_DATASET CONTENT_

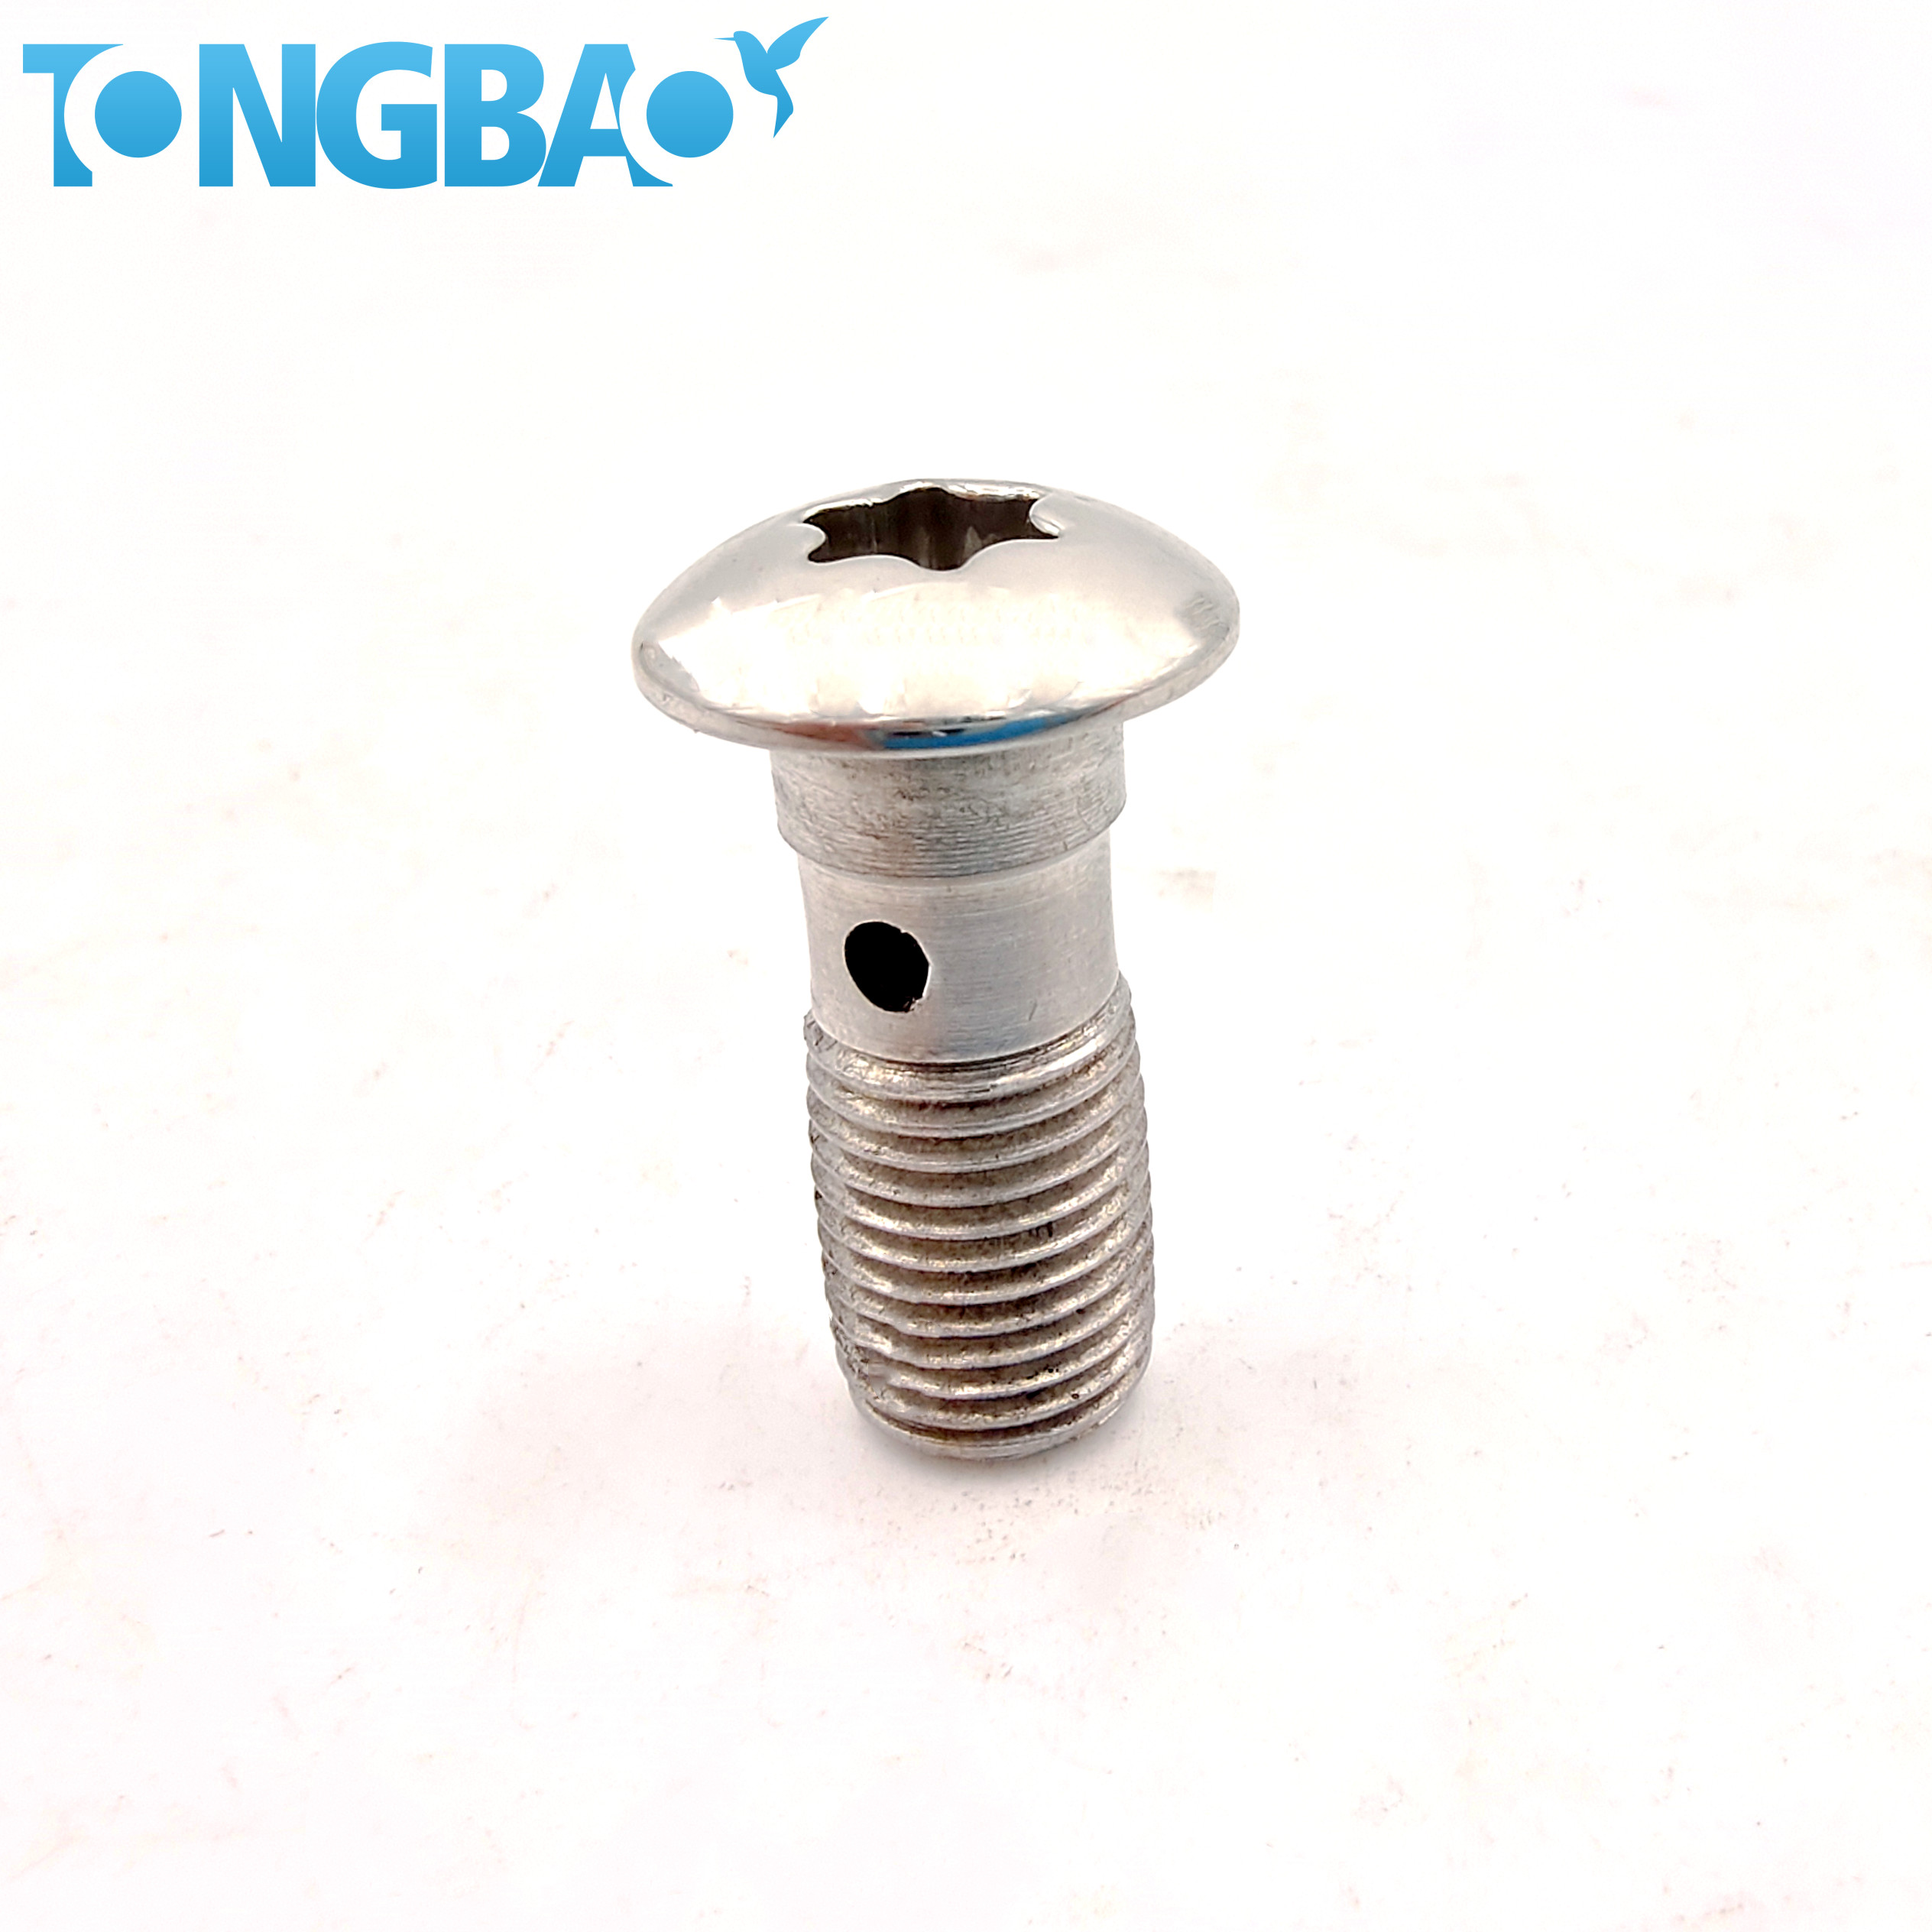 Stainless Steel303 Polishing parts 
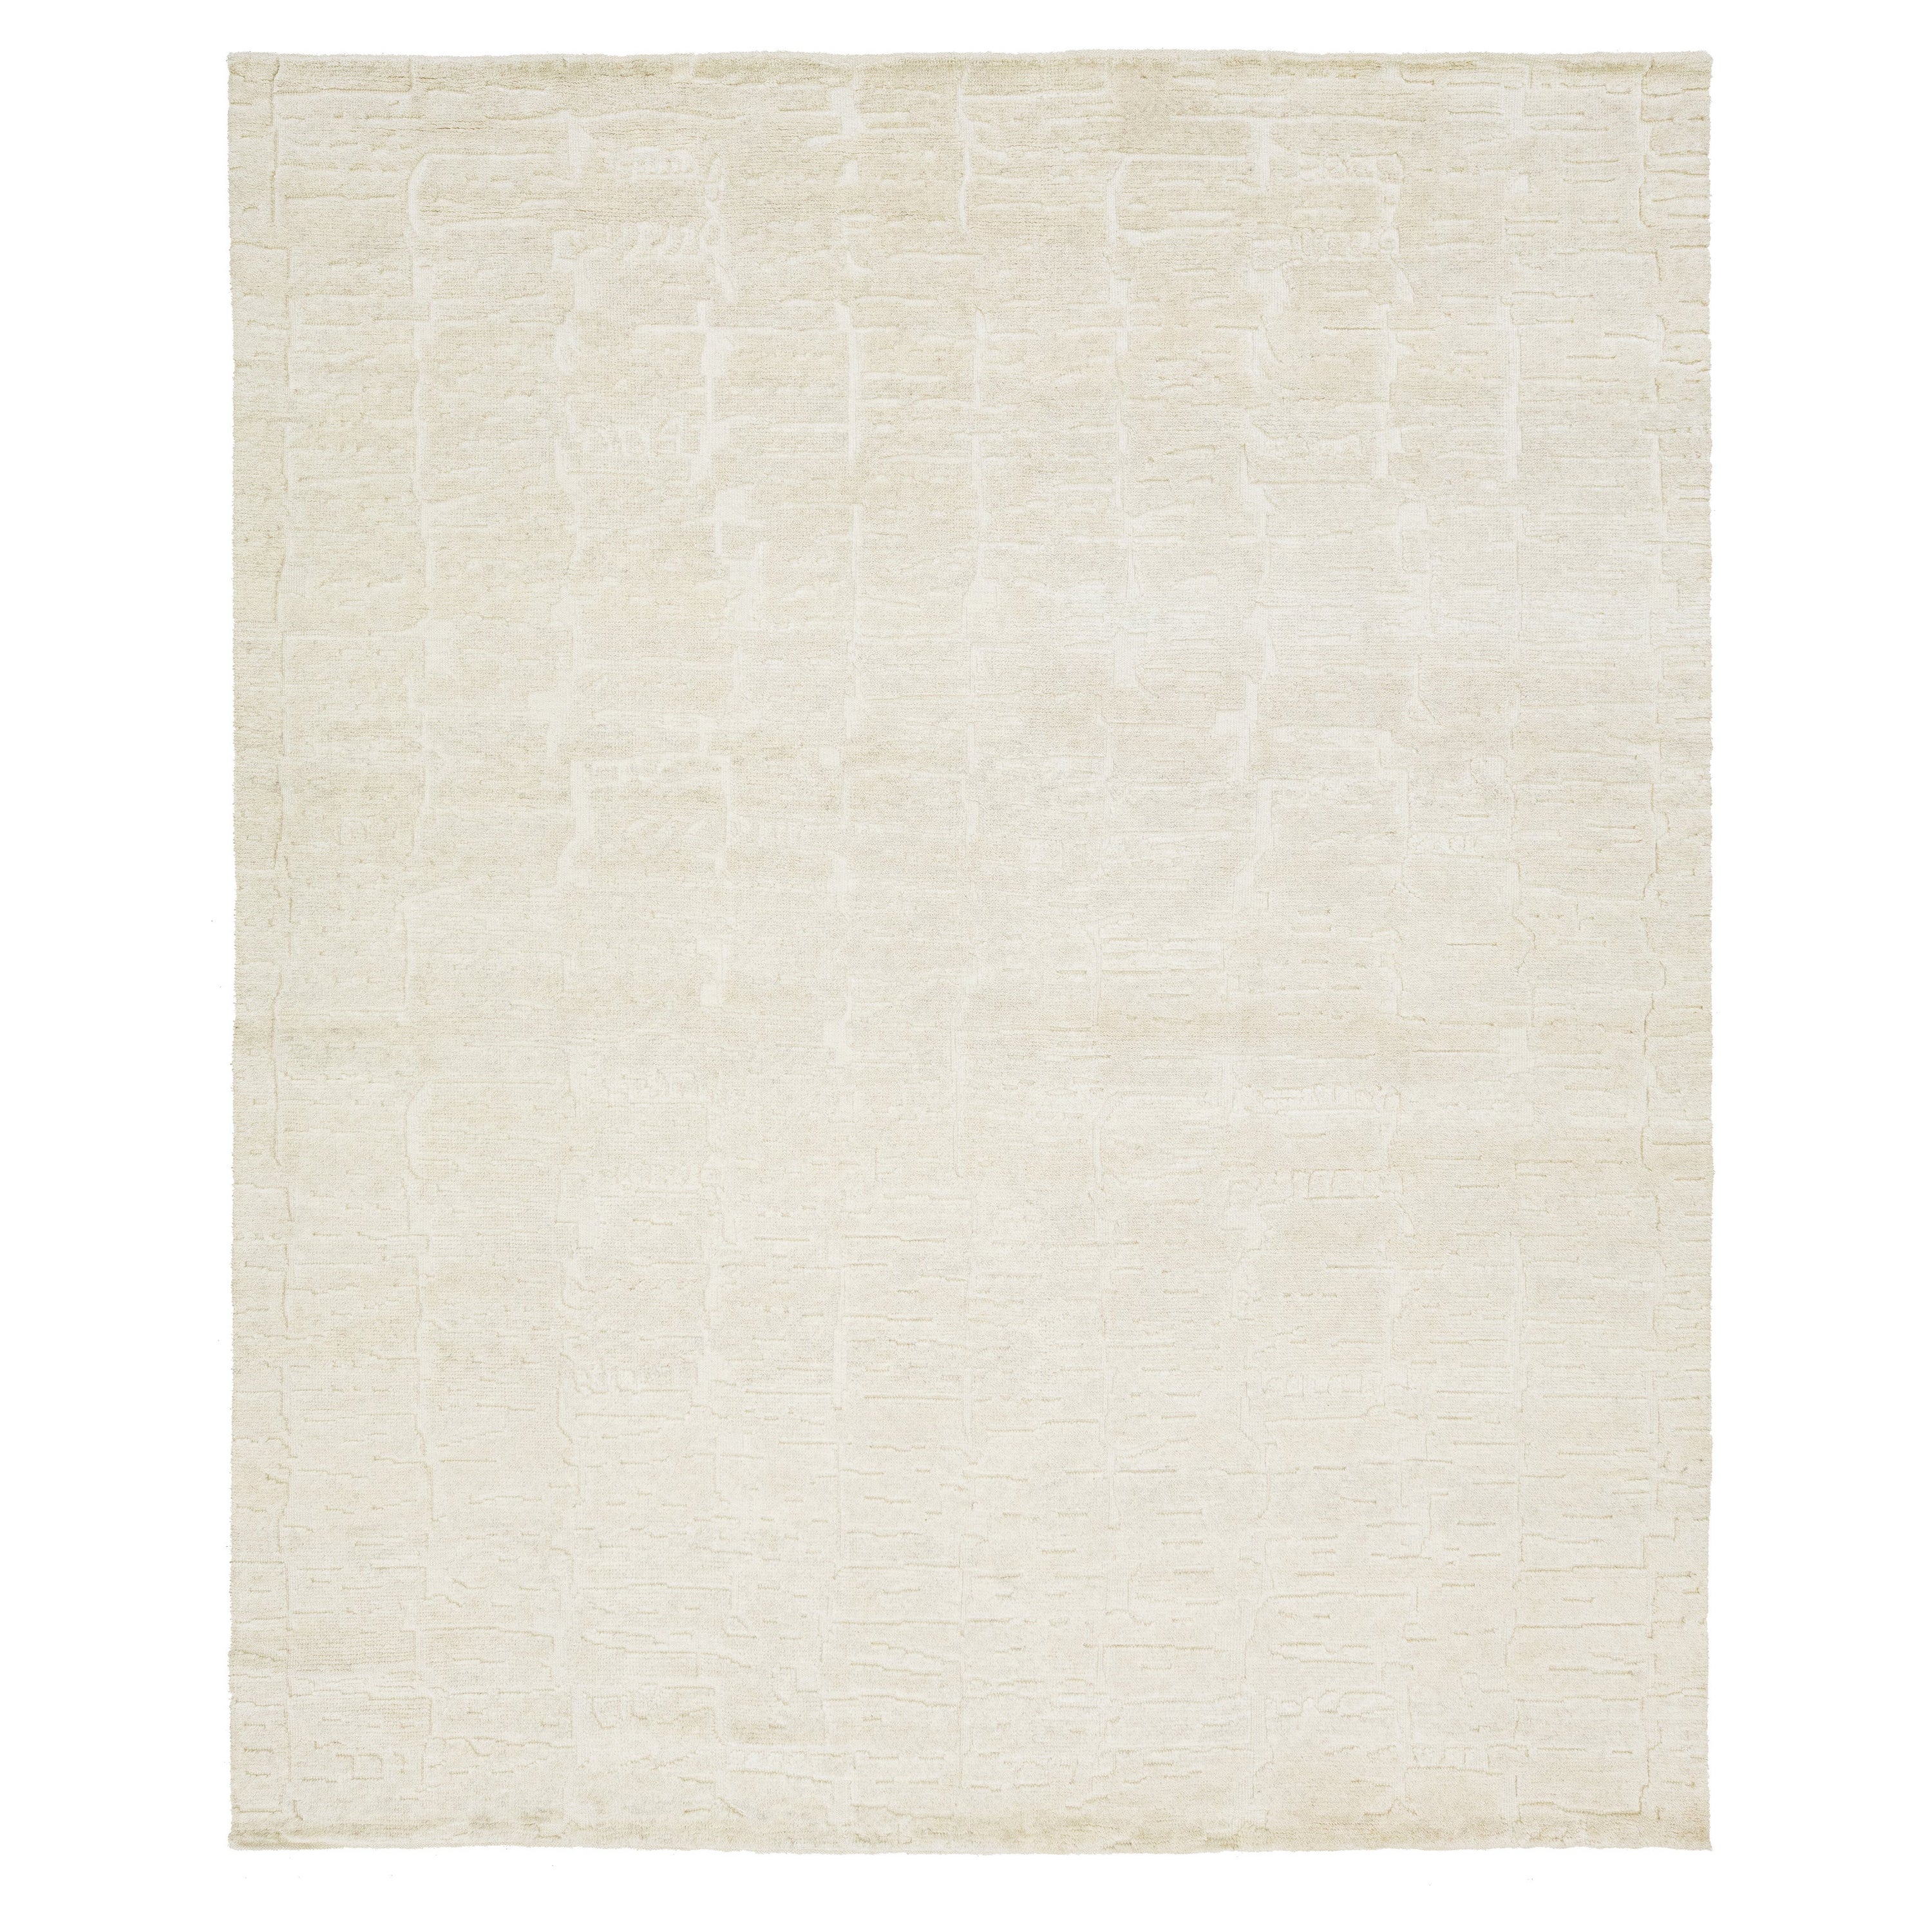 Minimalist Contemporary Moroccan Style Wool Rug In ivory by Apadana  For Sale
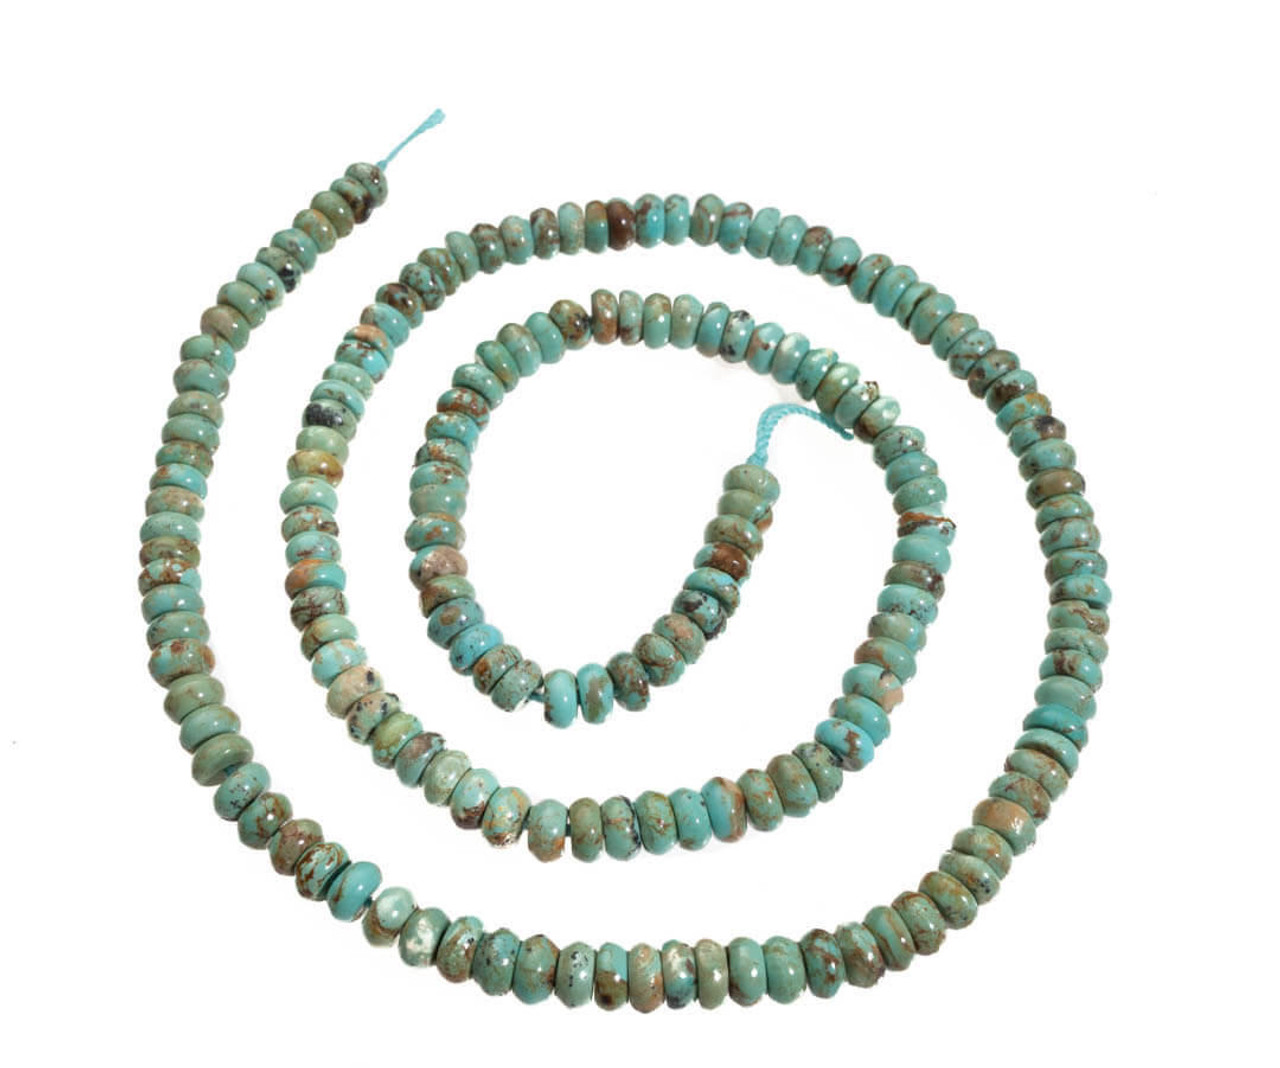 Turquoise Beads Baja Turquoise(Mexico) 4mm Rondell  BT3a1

_HOW TO COMPLETE THIS TASK_
Output each of the lines above exactly, apart from the images.

_EXPECTED OUTPUT_
 Stainless Steel303 Polishing parts 
 Minimalist Contemporary Moroccan Style Wool Rug In ivory by Apadana  For Sale
 Turquoise Beads Baja Turquoise(Mexico) 4mm Rondell  BT3a1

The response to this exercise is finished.